Repeat only the lines below that run from the line with "Technical report, LAAS-IRIT- INRIA, 2008." to the line with "Hãy khám phá", ends included; skip every picture.

BEGIN LISTED RECORDS

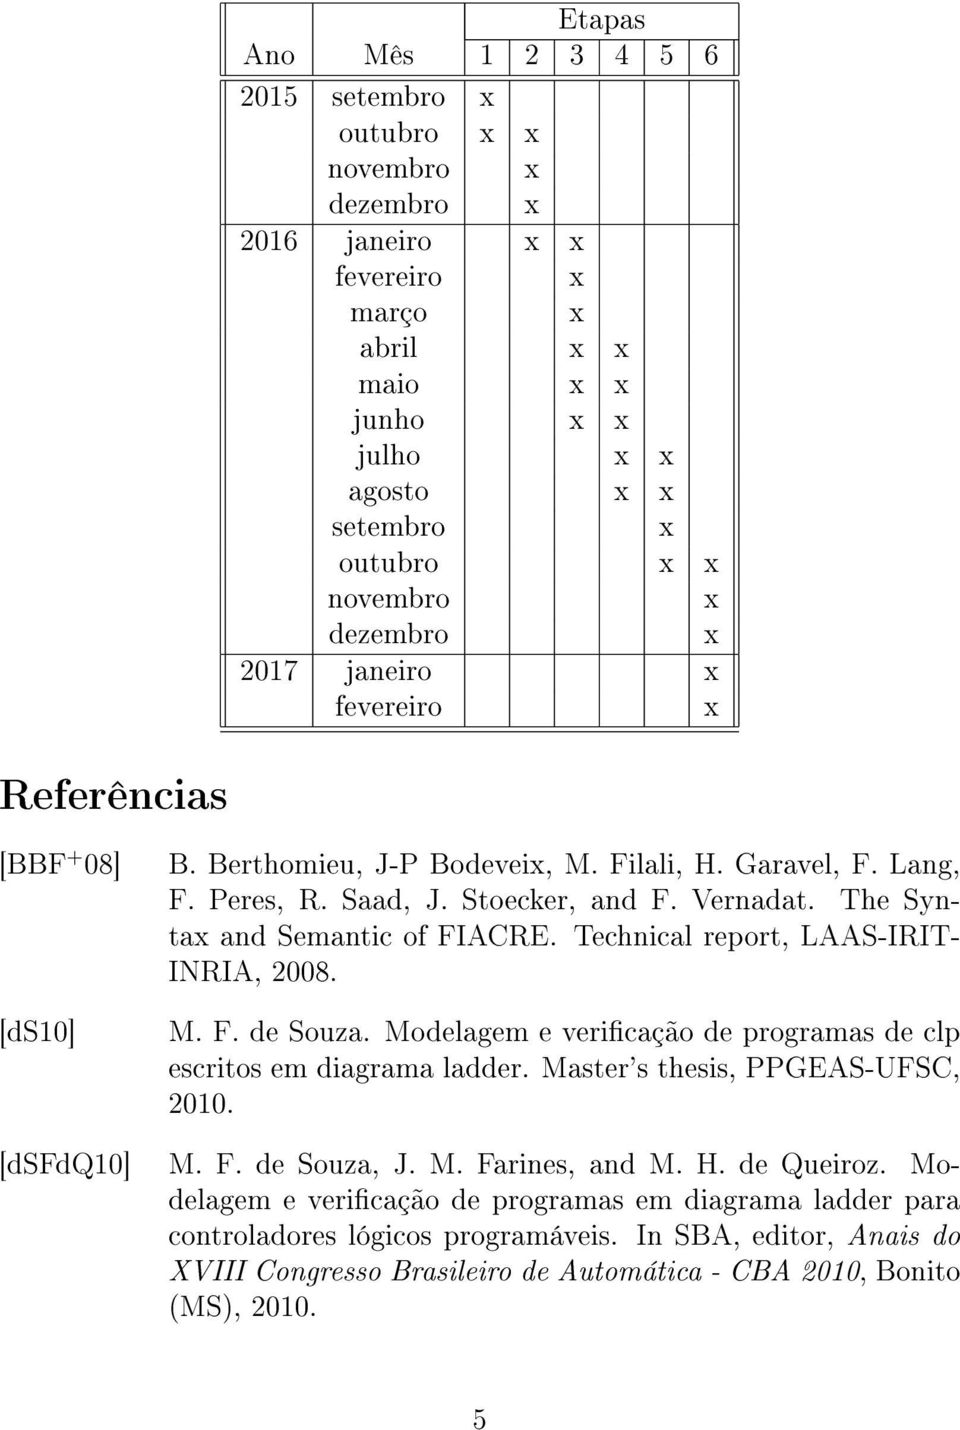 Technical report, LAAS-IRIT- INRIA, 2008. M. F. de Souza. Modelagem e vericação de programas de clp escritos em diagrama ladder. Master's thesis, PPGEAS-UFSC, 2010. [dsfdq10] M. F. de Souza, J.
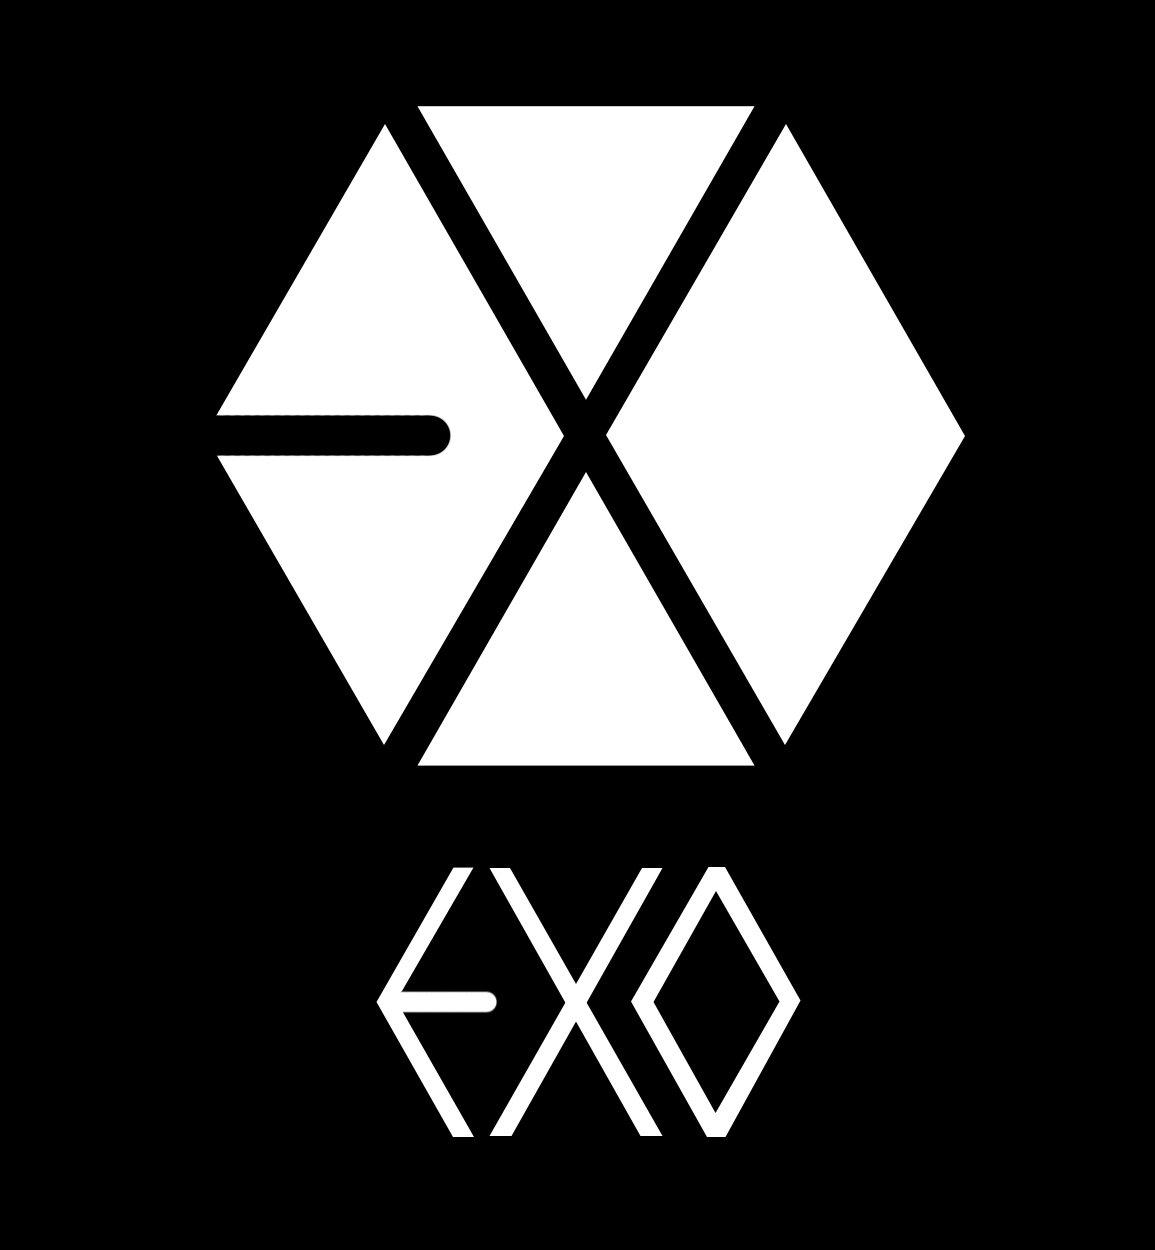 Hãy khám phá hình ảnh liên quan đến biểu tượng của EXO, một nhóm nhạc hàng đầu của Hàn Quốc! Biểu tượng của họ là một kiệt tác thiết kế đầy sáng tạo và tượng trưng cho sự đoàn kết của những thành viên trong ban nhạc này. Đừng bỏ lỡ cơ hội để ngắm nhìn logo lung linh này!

END LISTED RECORDS
BEGIN LISTED RECORDS

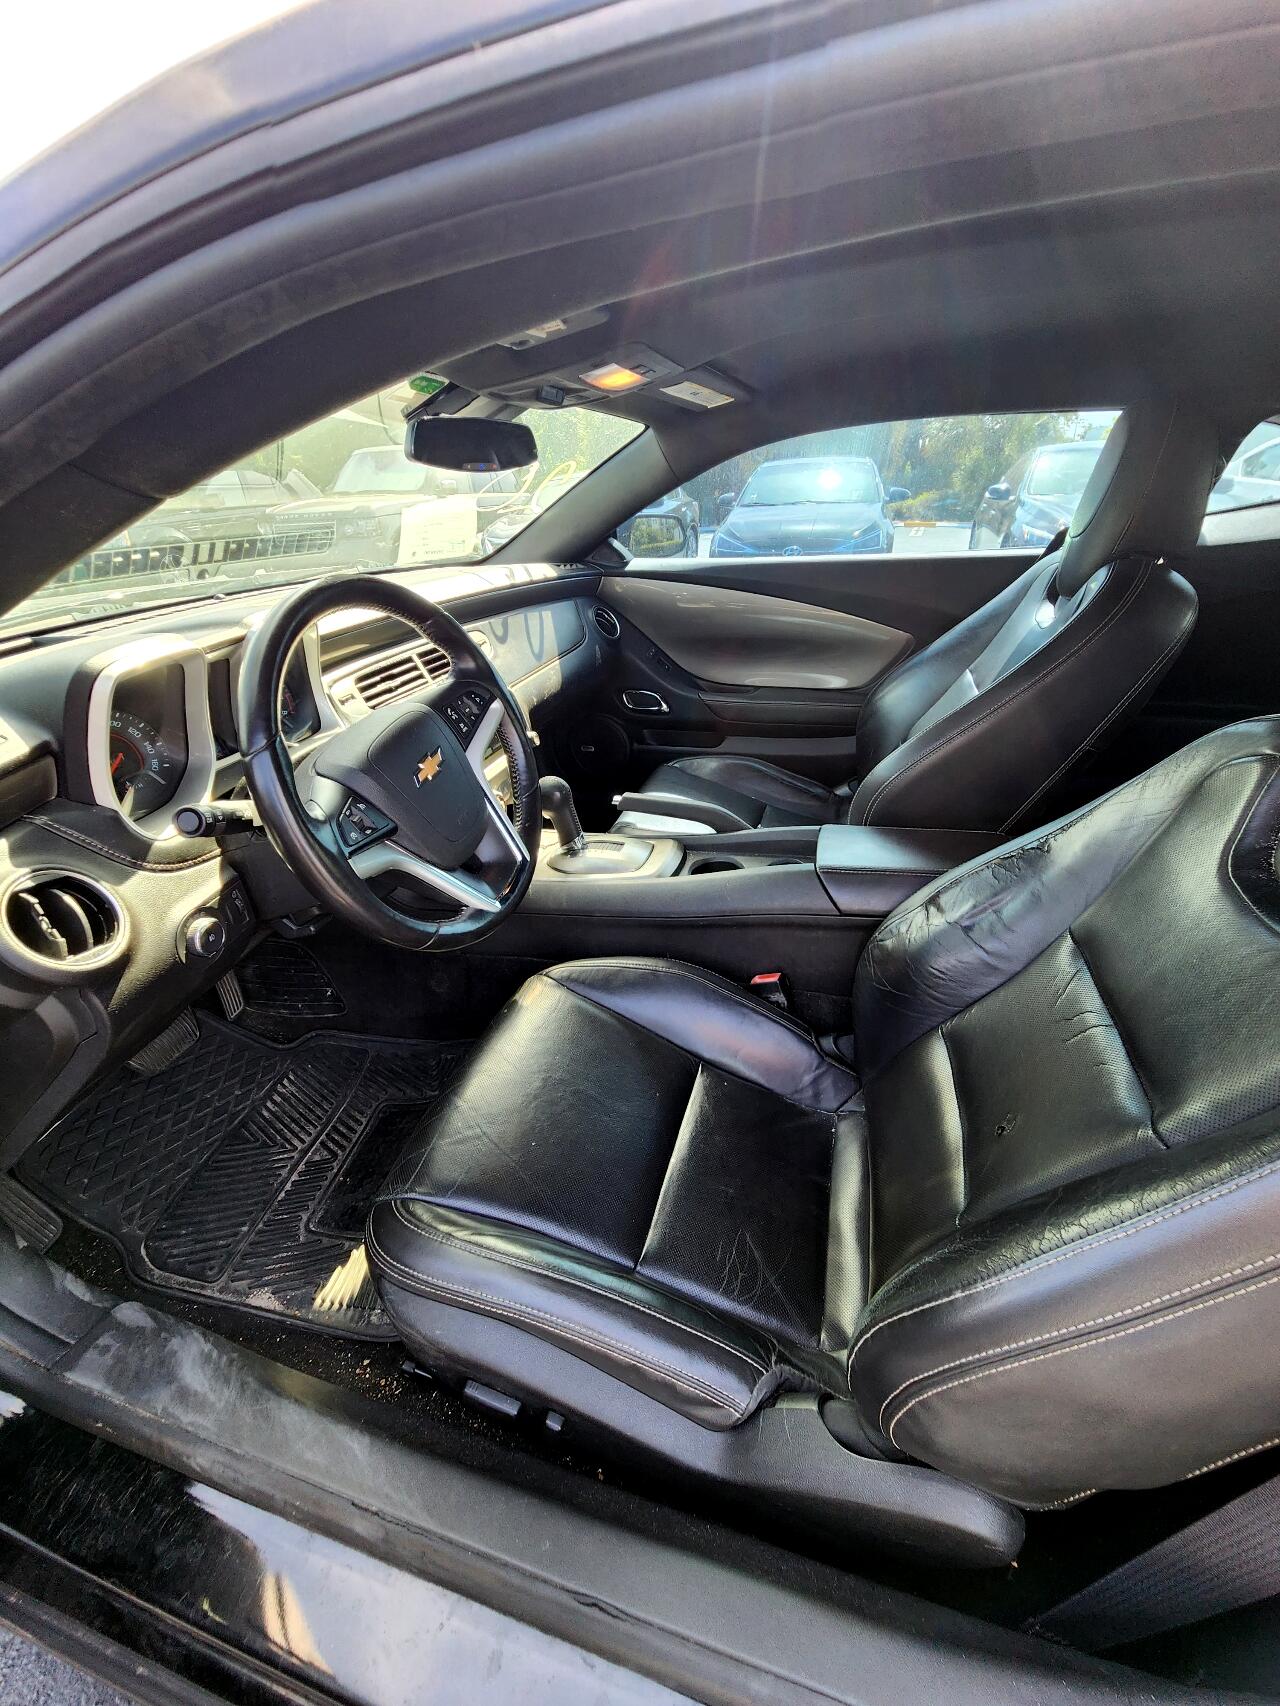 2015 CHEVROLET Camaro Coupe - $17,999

END LISTED RECORDS

# [OUTPUT]
 Technical report, LAAS-IRIT- INRIA, 2008. M. F. de Souza. Modelagem e vericação de programas de clp escritos em diagrama ladder. Master's thesis, PPGEAS-UFSC, 2010. [dsfdq10] M. F. de Souza, J.
 Hãy khám phá hình ảnh liên quan đến biểu tượng của EXO, một nhóm nhạc hàng đầu của Hàn Quốc! Biểu tượng của họ là một kiệt tác thiết kế đầy sáng tạo và tượng trưng cho sự đoàn kết của những thành viên trong ban nhạc này. Đừng bỏ lỡ cơ hội để ngắm nhìn logo lung linh này!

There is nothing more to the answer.